The Pyae Aung Hein and Hein Mitter coal-mining companies have both agreed to halt operations at their sites following a protest by some 4,000 residents in Mong Kung on April 11.

Coal mining site in Mong Kung Township

Sao Ekka Sina, a Buddhist monk who was one of the demonstration organizers, said that representatives of both firms agreed to a cessation in coal mining at the site after meeting with the representatives of the people of Mong Kung Township, Loilem district in southern Shan State two days after the demonstration.

“Nang Harn and Sai Htun, the representatives from the companies, met with us on April 13,” he said. “There were about 50 people, including monks, village headmen, local authorities and MPs attended the meeting. The company representatives said they would move out within a month.

“They said they would end their operations and never come back,” he said. “However, if they continue to mine, we will continue to protest. In saying that, I don’t think they will come back.”
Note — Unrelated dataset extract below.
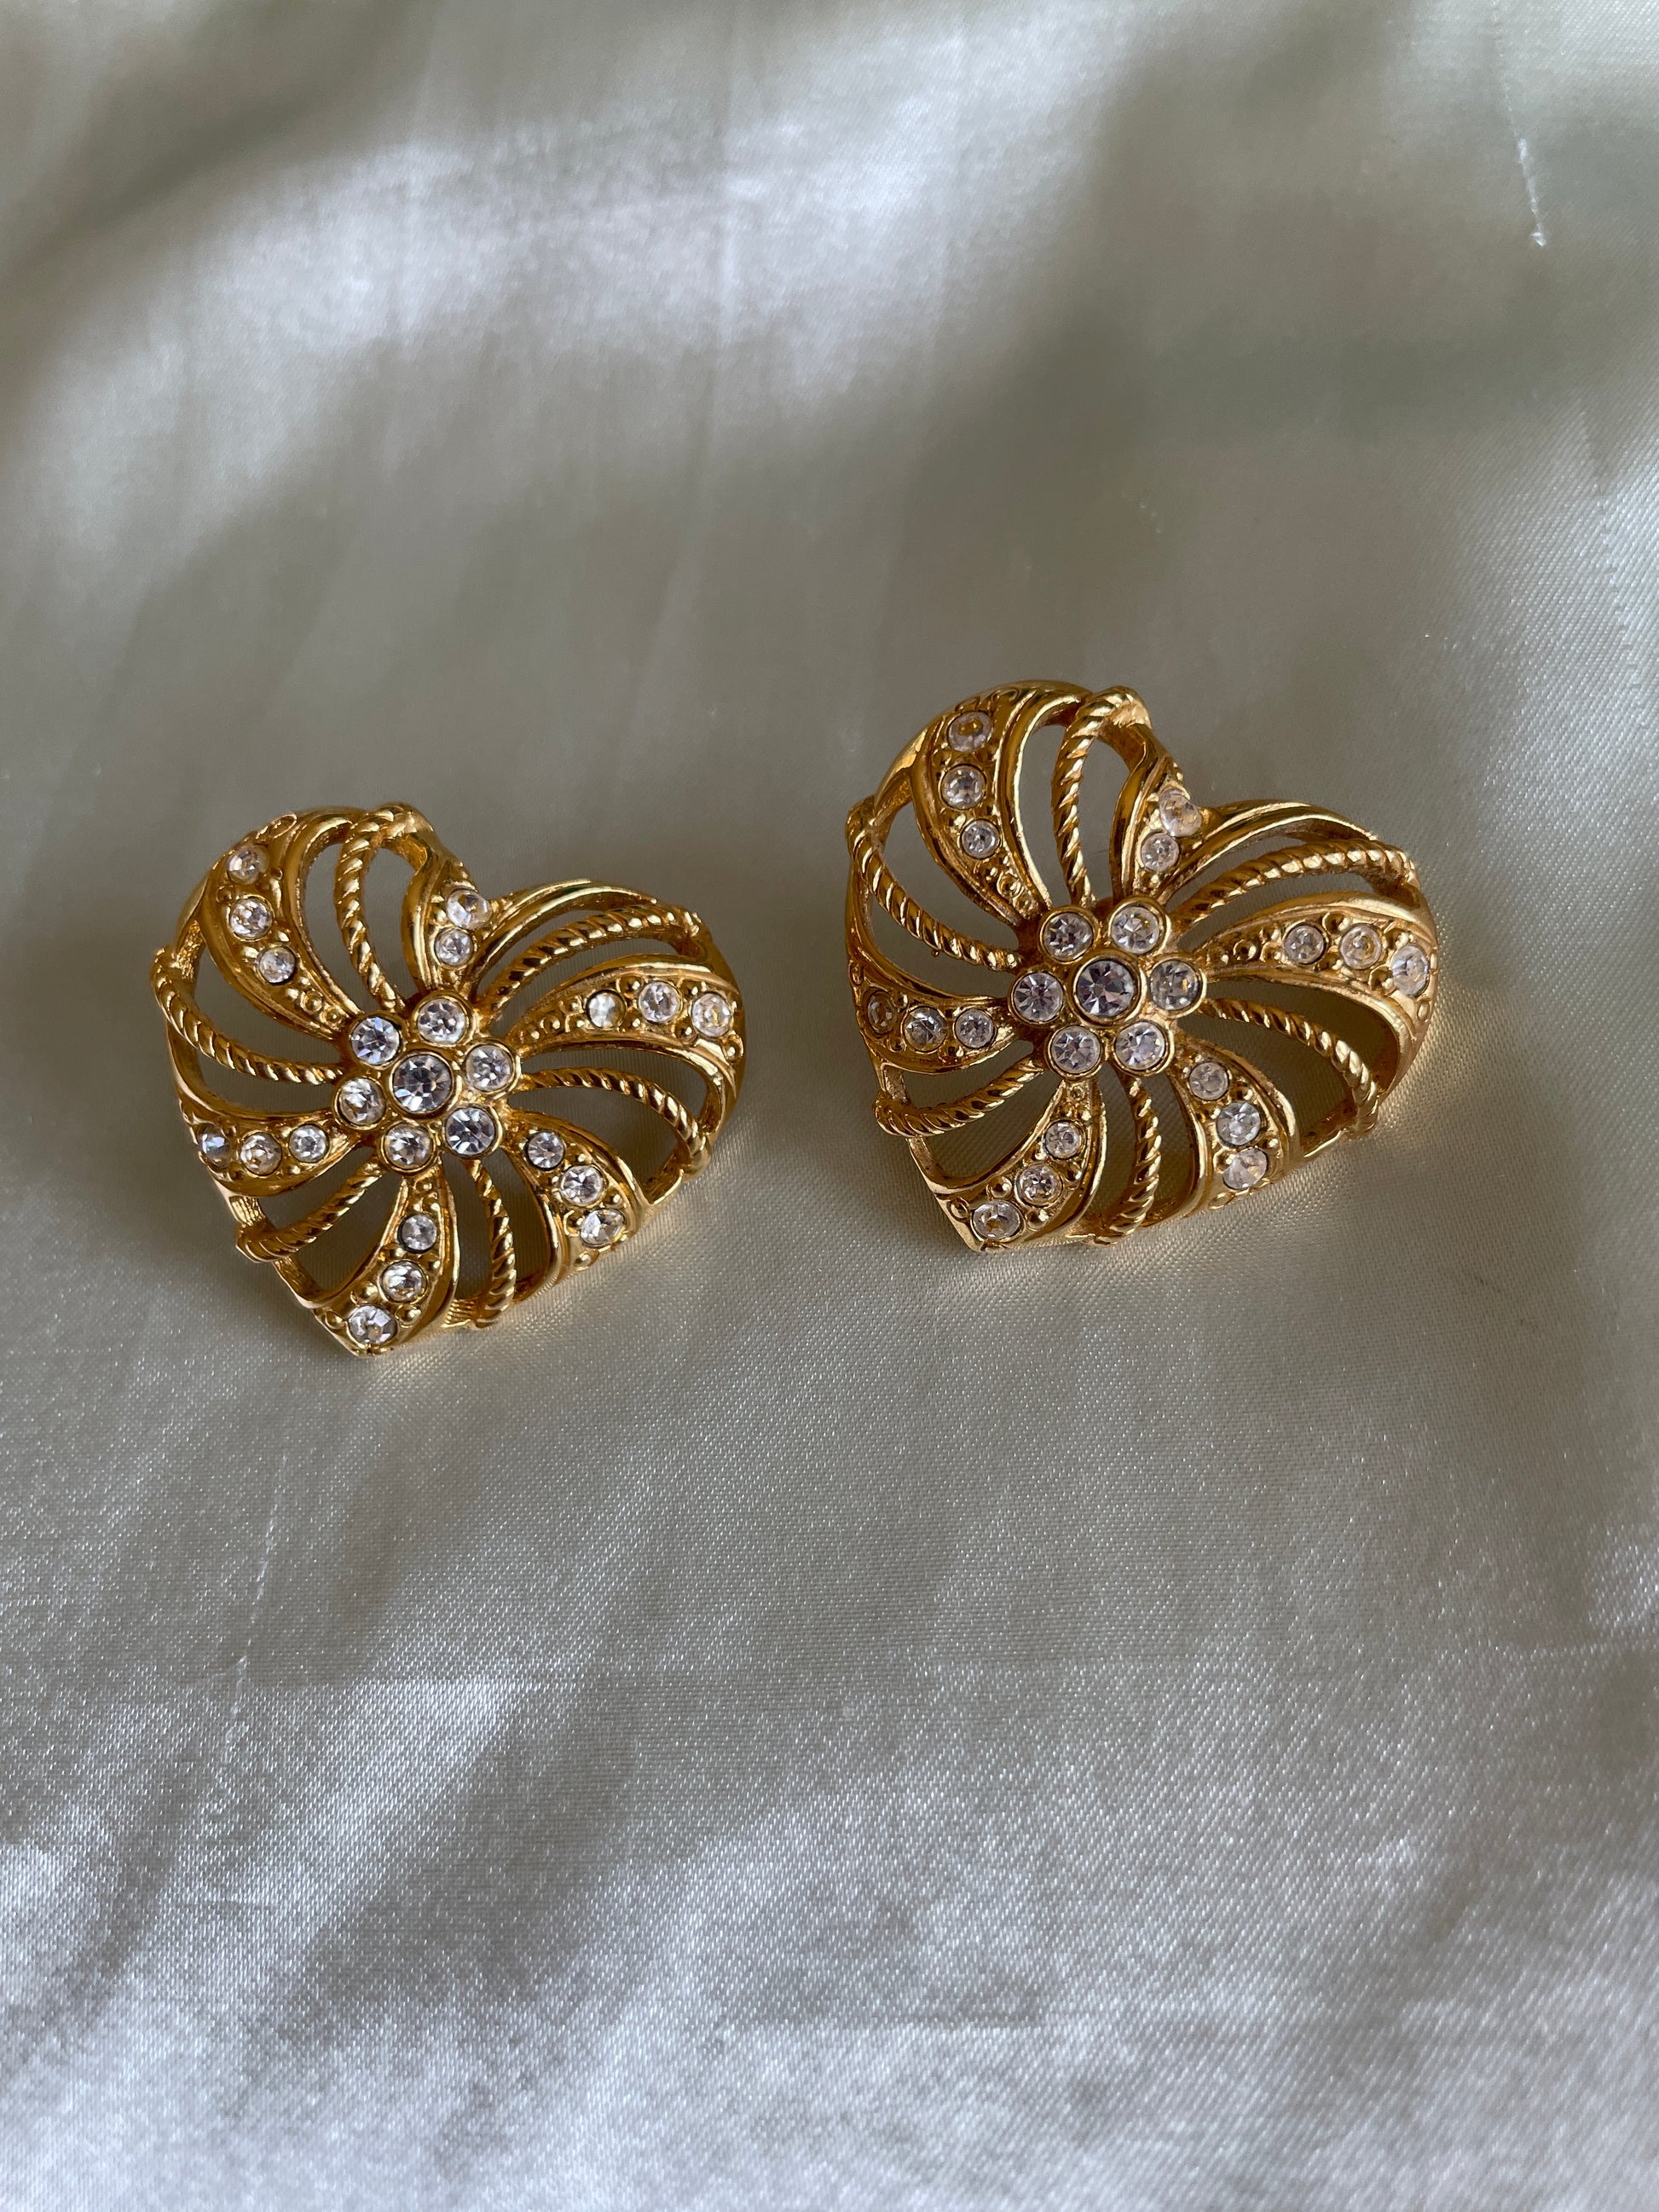 Heart pierced earrings  Sparkly Gold Tone Rhinestone 2000s Pierced Earrings

Hein Mitter Co.,Ltd signboard in Mong Kung

Sai Seng Murng, a Lower House MP from the Shan Nationalities League for Democracy (SNLD) representing Mong Kung Township, said that he always stood alongside the voice of the local people.

“I urge every group, including the government, CSOs [civil society organizations] and media, to keep its eyes focused on the mining operations in Mong Kung,” he said. “As for the monks and Mong Kung residents, we strongly oppose this project.”

Local protesters against the site have maintained that the coal-mining operations would cause grave environmental destruction in Mong Kung. They said that some 2,000 acres of land, including conifer forests, mountains and farmland, would be severely damaged.

The Pyae Aung Hein and Hein Mitter companies were granted permission by the central government in Naypyidaw to launch coal-mining projects in Mong Kung in 2014. But the mines were suspended after growing opposition from local residents.

Earlier this year, coal-mining operations restarted, leading to hundreds of people taking to the streets.